**What you have to do**
Exclude the pictures and repeat all of the data exactly.

**Data shown**
____________________
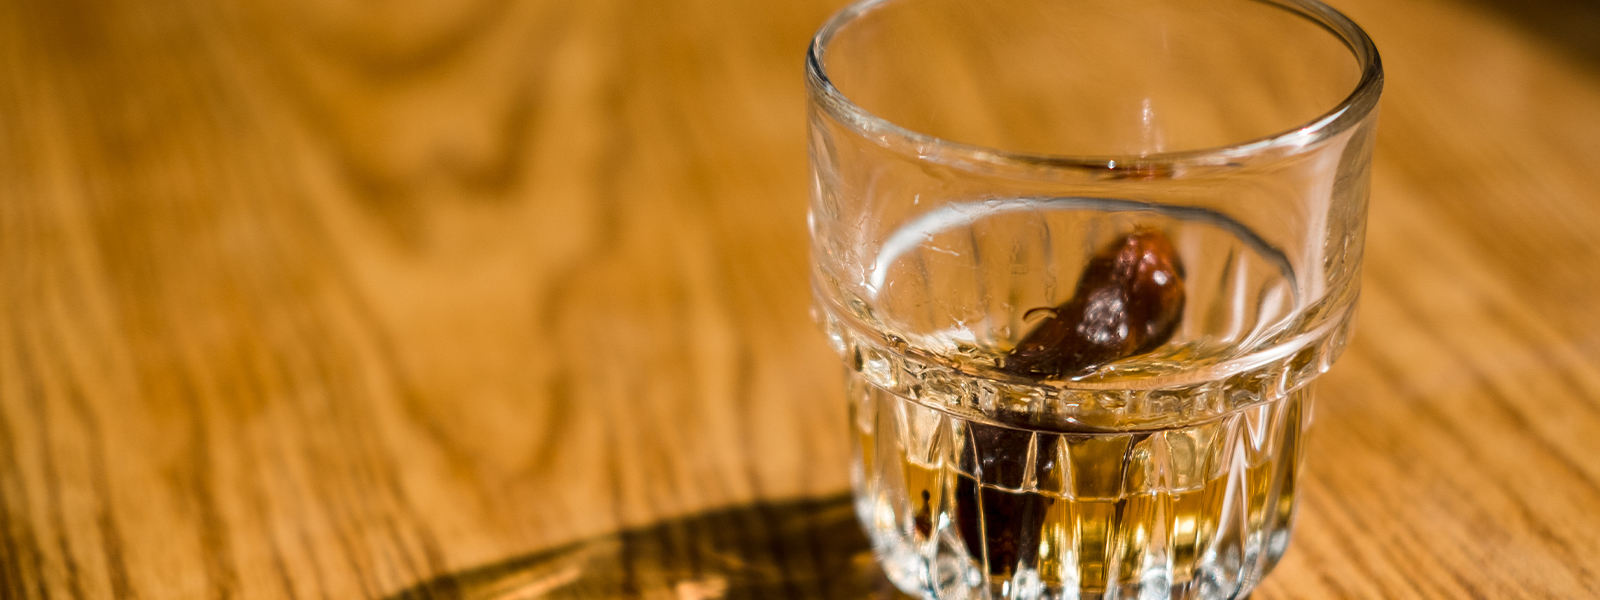 Sourtoe Cocktail
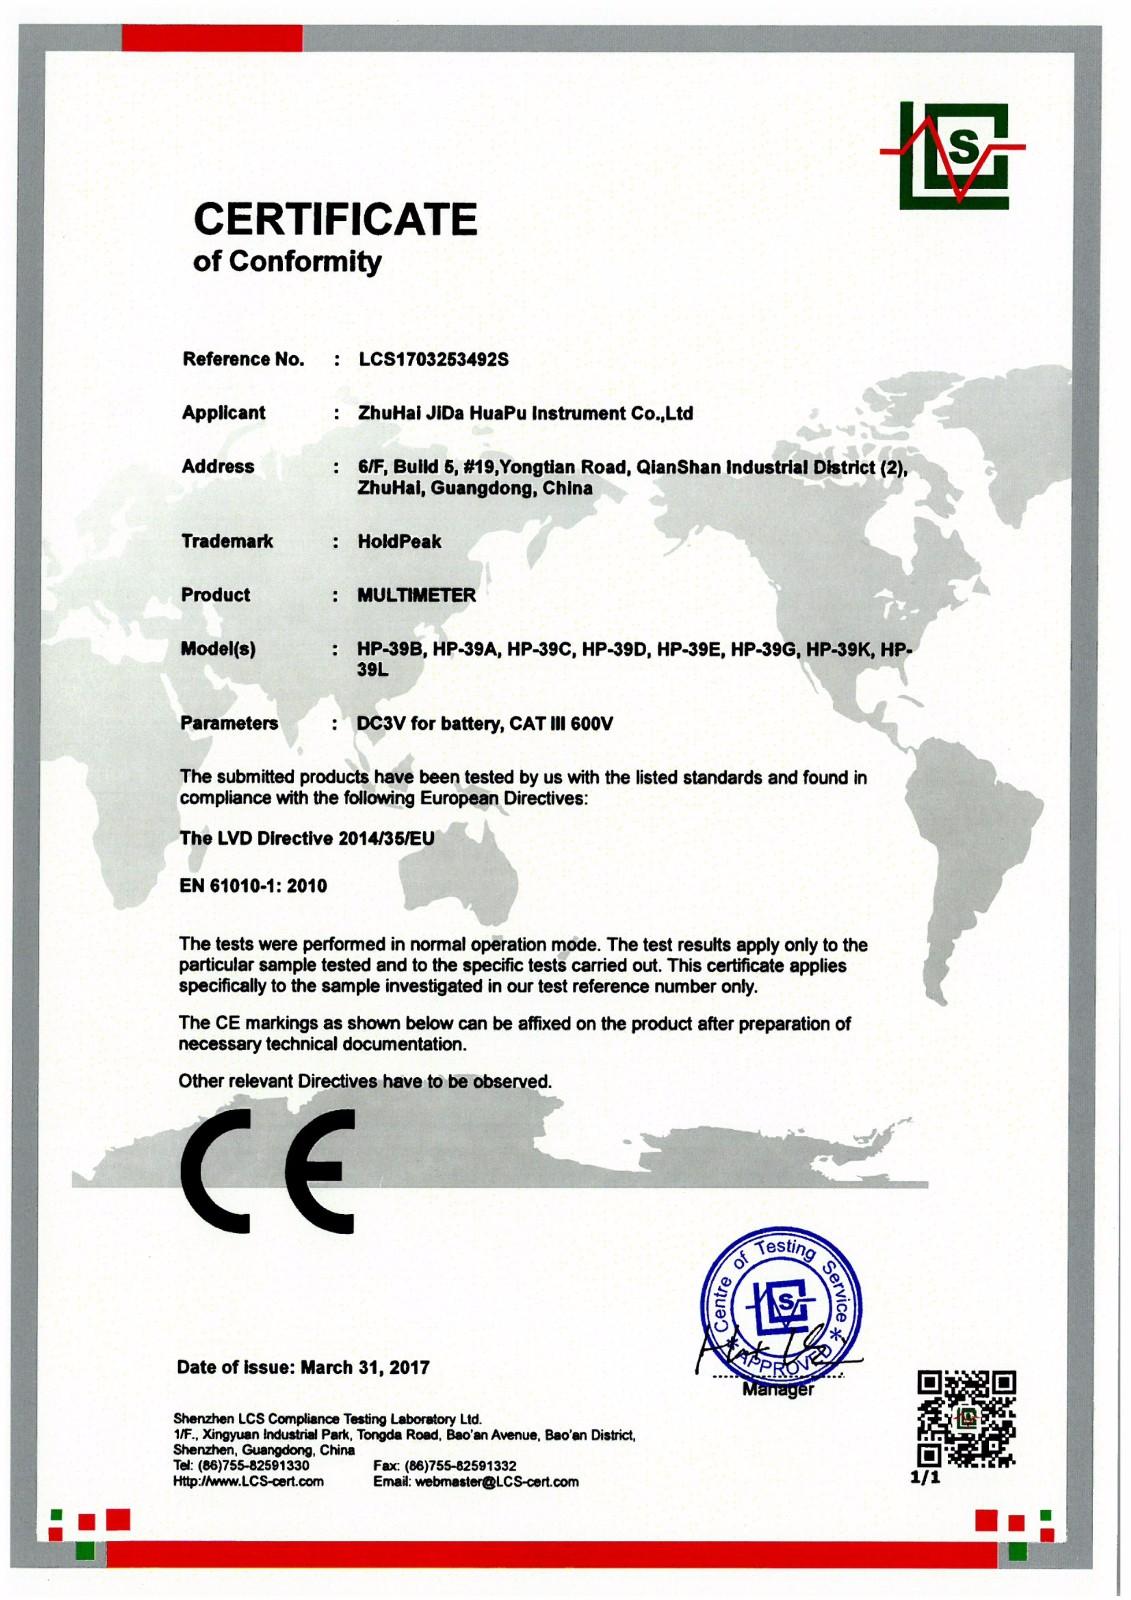 product-HoldPeak-auto range multimeterresistancediode test,continuity buzzer,data hold,HP-39B-img-1
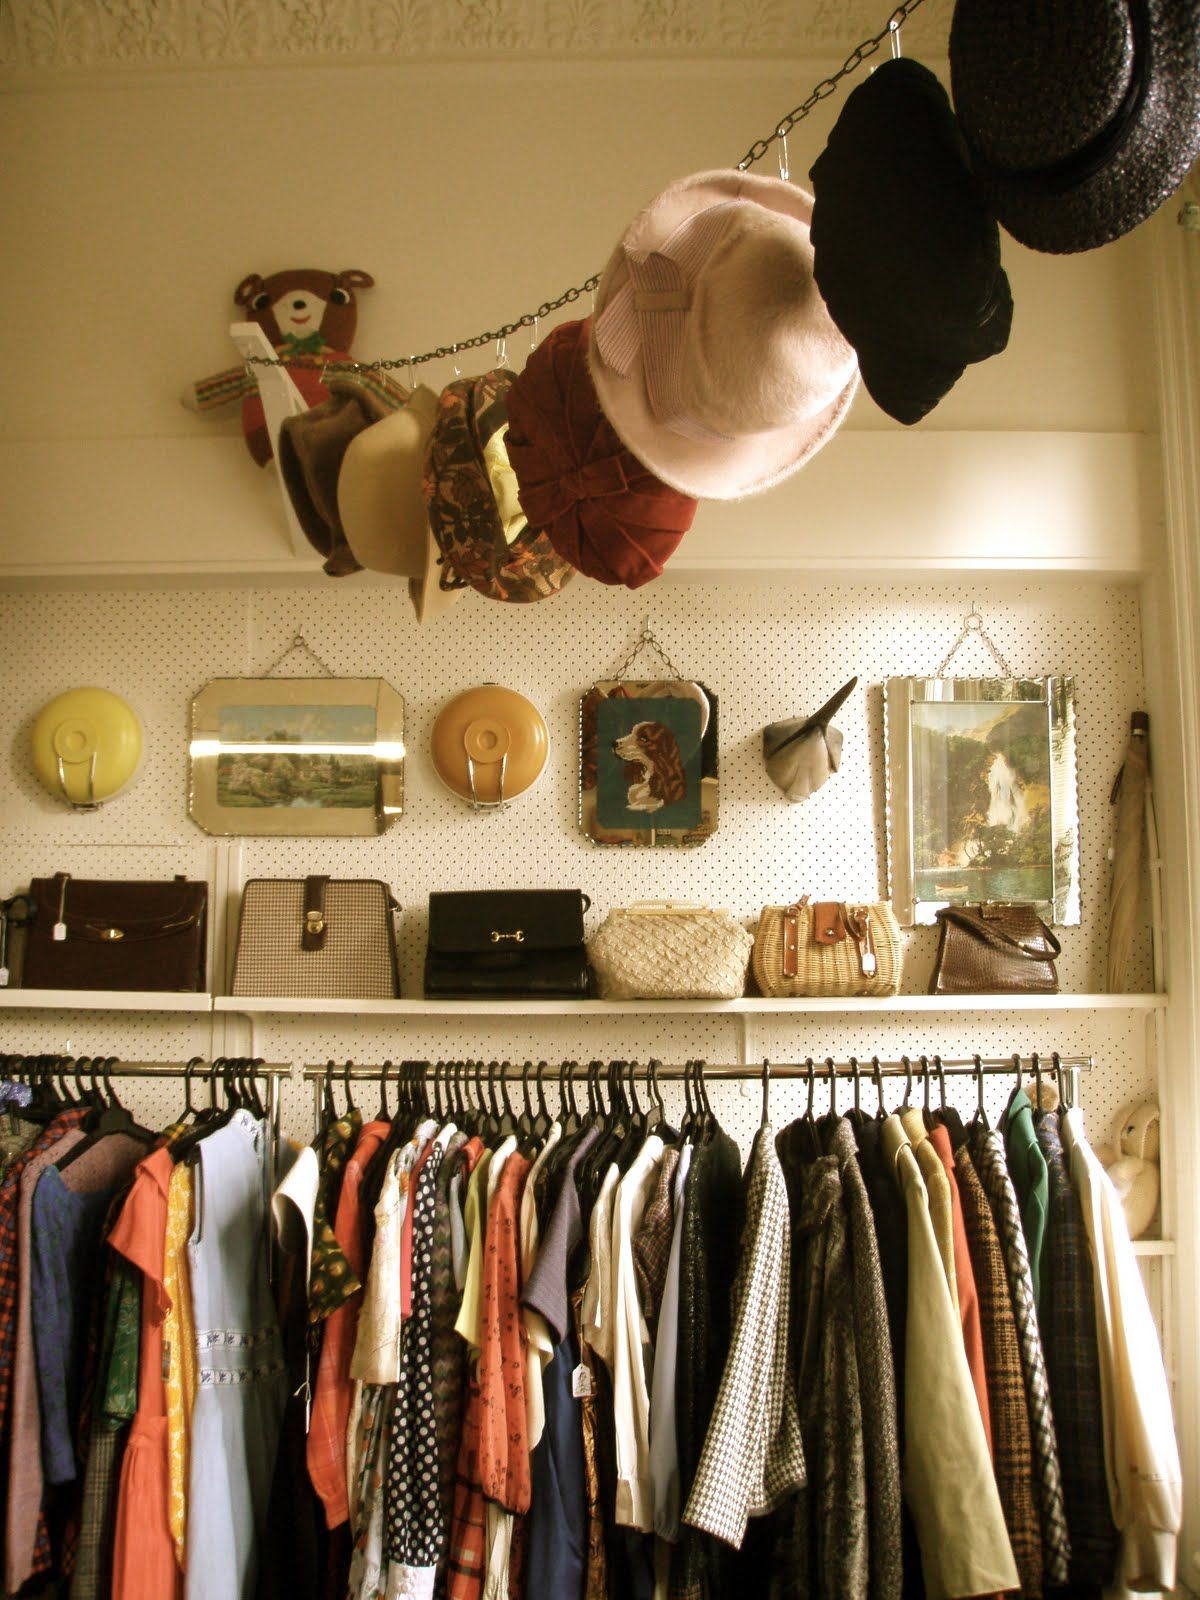 Gail Carriger Diy Hat Rack Hanging Hats Home Storage Organization
____________________
**Answer for the task**
 Sourtoe Cocktail
 product-HoldPeak-auto range multimeterresistancediode test,continuity buzzer,data hold,HP-39B-img-1
 Gail Carriger Diy Hat Rack Hanging Hats Home Storage Organization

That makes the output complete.